The other end lB of the valve member 1 terminates within the chamber 26. The diameter of a rear portion 1C of the valve member 1 is reduced at a point within the space 22 and thus the bore 4 is of correspondingly smaller diameter than the bore 3. The bore 4 contains an 0-ring 27 that provides a seal around the circumference of the valve member 1. The pressure chamber 26 is closed at the rear by an end plug 28 and is sealed by means of an 0-ring 29 carried by the end plug 28. The end plug 28 has a threaded bore 30 and is secured in place in the valve block 18 by means of fastening screws located in the bore 30. An upper fastening screw not shown passes through the breach block 12 and corresponds to the fastening screw 17. A trigger block 31 is secured below the valve block 18 by means of fastening screws 32 passing through the trigger block and engaging respectively in the valve block 18 and the bore 30. As described in more detail below, the pressure chamber 26 is charged with air at high pressure comparable with that of the normal operating pressure of a PCP airgun, for example 80 to 100 Bar.
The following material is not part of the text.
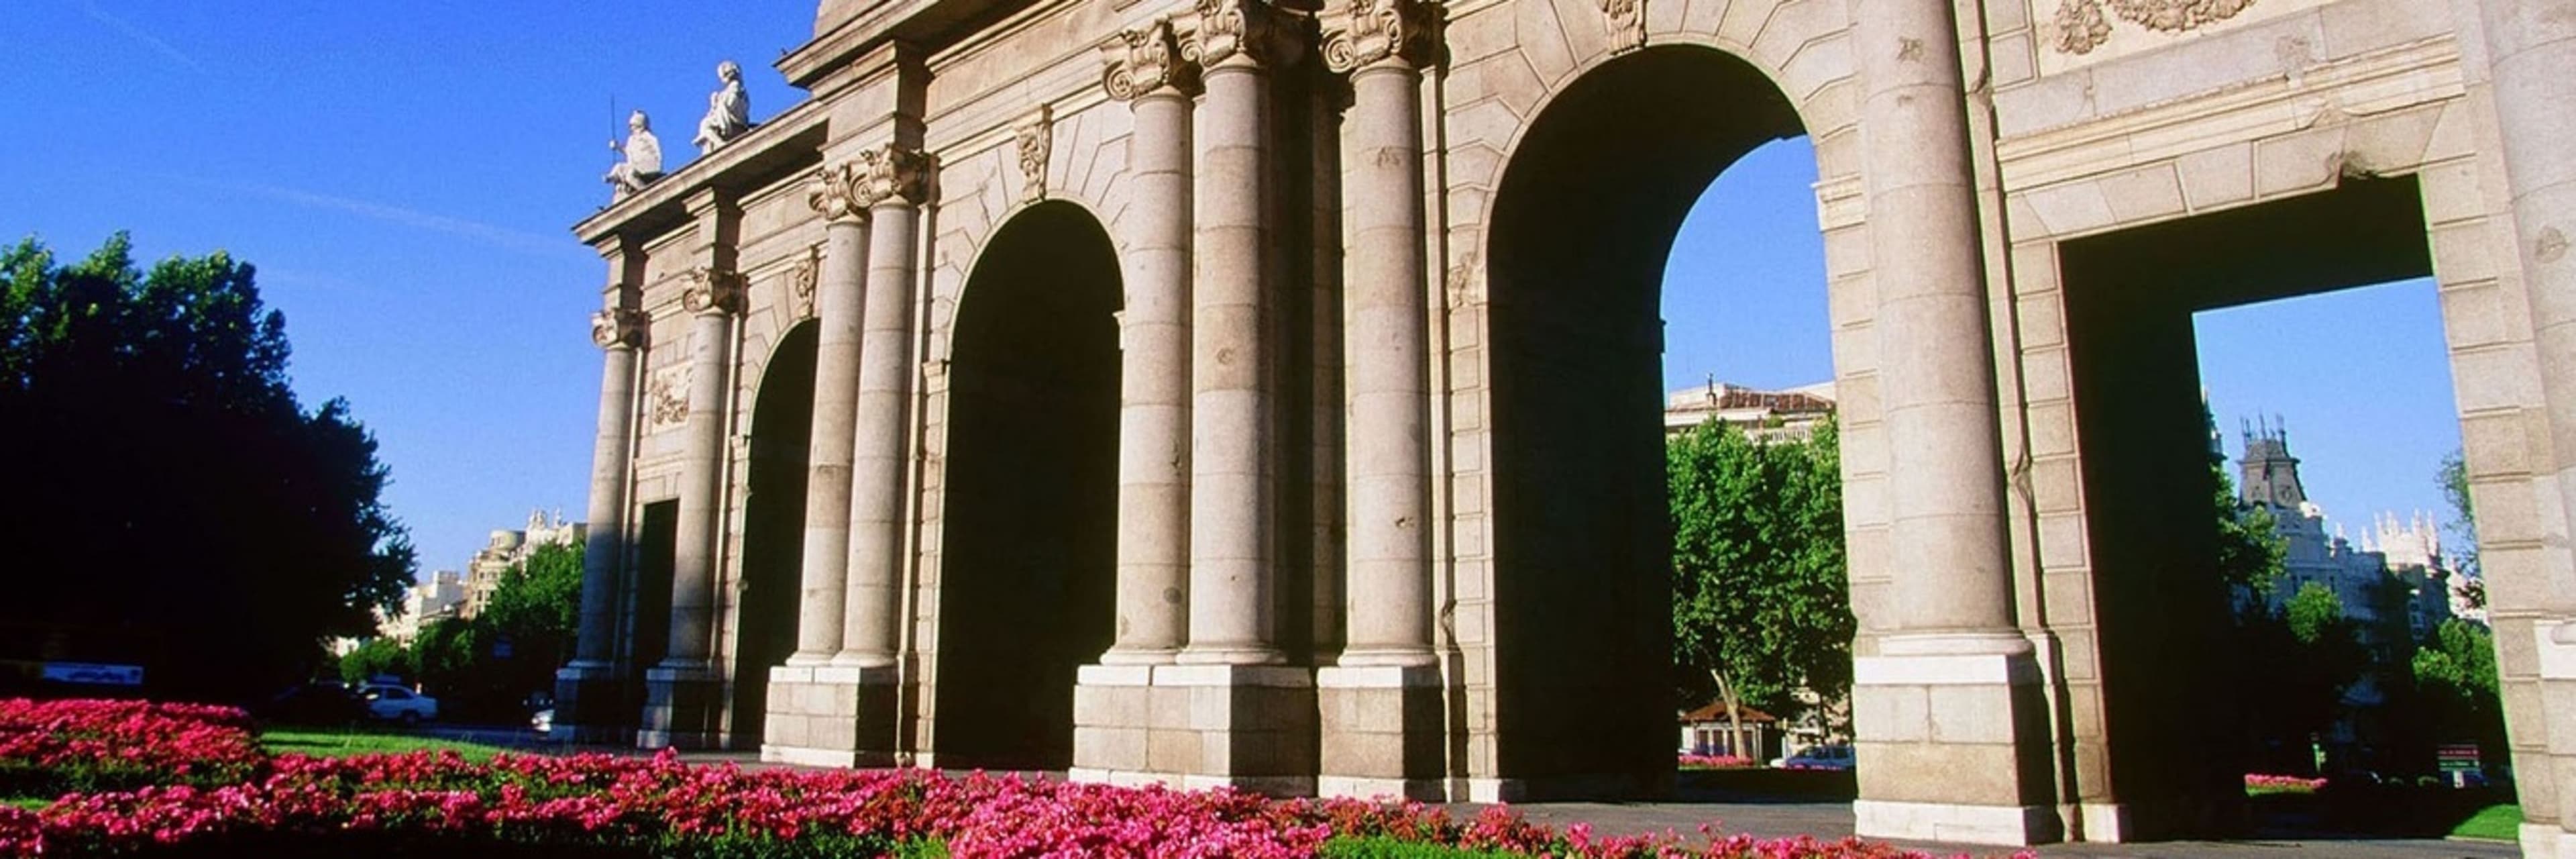 Puerta de Alcalá city gate in Madrid.

The valve member 1 has fixed thereto a collar 2 which carries a sear pin 38 and the movement of which is limited by end faces 22A and 22B of the space 22. The sear pin 38 can engage a trigger member 6 that is pivoted about a pivot 40 mounted in the trigger block 31 and urged into engagement with an end stop 41 by means of a compression spring 42 engaging between the trigger member 6 and the trigger block 31.

The system shown in Fig 2 operates as follows. The pressure chamber 26 contains air at the high pressure already mentioned, and thus in conjunction with the valve member 1 it forms a gas spring causing the valve member 1 to be urged to the left as viewed in the drawing until the collar 2 engages the end face 22A. In the idle condition the components thus adopt the positions shown in the drawing, there being a slight play between the sear 38 and the trigger 6 to allow the latter to adopt its rest position under the influence of the spring 42. The chamber 8 is now charged with air at high pressure in the manner described above, in order to bring it to substantially the same pressure as the chamber 26.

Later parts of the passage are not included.